▶ **What to do**:
Copy out precisely the line that holds "00369d35228 Details about" and all the lines following it in the data, up to and including the last one, and no others.

--- Source information Enclosed Below ---

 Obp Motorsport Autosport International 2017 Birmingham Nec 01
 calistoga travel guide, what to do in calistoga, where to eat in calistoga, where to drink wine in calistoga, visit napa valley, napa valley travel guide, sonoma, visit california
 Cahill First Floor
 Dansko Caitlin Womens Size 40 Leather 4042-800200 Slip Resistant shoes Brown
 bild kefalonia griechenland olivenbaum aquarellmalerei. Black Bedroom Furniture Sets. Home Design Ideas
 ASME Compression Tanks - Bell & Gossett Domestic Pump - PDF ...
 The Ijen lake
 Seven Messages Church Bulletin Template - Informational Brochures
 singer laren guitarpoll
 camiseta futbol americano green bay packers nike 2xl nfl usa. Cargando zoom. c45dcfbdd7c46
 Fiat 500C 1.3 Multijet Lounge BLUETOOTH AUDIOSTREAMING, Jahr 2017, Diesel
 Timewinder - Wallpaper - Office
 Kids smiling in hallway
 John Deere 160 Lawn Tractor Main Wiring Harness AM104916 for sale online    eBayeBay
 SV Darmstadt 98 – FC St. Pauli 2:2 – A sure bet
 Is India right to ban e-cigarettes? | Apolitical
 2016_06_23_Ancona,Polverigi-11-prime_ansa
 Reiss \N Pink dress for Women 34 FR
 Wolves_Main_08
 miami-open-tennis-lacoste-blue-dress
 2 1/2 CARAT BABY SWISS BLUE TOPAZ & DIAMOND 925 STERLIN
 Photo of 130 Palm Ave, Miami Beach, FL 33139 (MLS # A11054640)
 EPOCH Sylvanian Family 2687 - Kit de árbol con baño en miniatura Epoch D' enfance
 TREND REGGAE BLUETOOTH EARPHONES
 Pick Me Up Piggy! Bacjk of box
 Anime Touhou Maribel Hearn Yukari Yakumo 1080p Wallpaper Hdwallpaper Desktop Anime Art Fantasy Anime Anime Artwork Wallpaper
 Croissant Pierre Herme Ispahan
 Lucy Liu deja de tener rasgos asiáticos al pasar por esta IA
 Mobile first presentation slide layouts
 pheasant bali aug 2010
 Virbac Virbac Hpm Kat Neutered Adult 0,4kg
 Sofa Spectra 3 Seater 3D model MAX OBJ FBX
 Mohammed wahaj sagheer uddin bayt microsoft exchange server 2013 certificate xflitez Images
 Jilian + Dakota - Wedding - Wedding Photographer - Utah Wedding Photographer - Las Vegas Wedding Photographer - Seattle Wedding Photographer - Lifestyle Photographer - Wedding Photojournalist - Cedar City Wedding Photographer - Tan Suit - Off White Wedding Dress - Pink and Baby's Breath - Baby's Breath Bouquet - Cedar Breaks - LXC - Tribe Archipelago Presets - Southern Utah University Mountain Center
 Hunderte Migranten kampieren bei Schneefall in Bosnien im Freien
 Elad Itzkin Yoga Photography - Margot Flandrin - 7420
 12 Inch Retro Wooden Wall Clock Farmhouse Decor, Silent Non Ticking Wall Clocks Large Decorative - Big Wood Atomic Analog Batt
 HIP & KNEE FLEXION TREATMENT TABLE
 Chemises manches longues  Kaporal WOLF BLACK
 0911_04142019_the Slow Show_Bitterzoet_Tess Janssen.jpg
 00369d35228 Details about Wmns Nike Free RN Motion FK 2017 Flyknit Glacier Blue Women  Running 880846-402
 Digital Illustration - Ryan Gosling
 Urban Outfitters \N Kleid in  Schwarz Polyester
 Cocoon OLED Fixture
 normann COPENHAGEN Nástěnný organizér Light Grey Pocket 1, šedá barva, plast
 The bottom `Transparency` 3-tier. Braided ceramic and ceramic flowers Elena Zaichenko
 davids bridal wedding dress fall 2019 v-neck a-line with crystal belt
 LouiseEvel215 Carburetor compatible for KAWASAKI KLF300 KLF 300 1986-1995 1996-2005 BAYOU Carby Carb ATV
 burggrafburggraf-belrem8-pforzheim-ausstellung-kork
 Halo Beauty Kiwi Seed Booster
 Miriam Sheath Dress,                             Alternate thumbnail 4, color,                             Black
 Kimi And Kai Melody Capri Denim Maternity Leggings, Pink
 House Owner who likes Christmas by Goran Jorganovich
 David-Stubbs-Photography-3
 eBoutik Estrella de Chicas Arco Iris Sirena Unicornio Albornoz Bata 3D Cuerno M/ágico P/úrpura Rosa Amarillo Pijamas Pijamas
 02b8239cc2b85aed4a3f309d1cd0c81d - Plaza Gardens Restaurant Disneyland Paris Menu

--- End of Enclosed Source information ---

▶ **Result of the exercise**:
 00369d35228 Details about Wmns Nike Free RN Motion FK 2017 Flyknit Glacier Blue Women  Running 880846-402
 Digital Illustration - Ryan Gosling
 Urban Outfitters \N Kleid in  Schwarz Polyester
 Cocoon OLED Fixture
 normann COPENHAGEN Nástěnný organizér Light Grey Pocket 1, šedá barva, plast
 The bottom `Transparency` 3-tier. Braided ceramic and ceramic flowers Elena Zaichenko
 davids bridal wedding dress fall 2019 v-neck a-line with crystal belt
 LouiseEvel215 Carburetor compatible for KAWASAKI KLF300 KLF 300 1986-1995 1996-2005 BAYOU Carby Carb ATV
 burggrafburggraf-belrem8-pforzheim-ausstellung-kork
 Halo Beauty Kiwi Seed Booster
 Miriam Sheath Dress,                             Alternate thumbnail 4, color,                             Black
 Kimi And Kai Melody Capri Denim Maternity Leggings, Pink
 House Owner who likes Christmas by Goran Jorganovich
 David-Stubbs-Photography-3
 eBoutik Estrella de Chicas Arco Iris Sirena Unicornio Albornoz Bata 3D Cuerno M/ágico P/úrpura Rosa Amarillo Pijamas Pijamas
 02b8239cc2b85aed4a3f309d1cd0c81d - Plaza Gardens Restaurant Disneyland Paris Menu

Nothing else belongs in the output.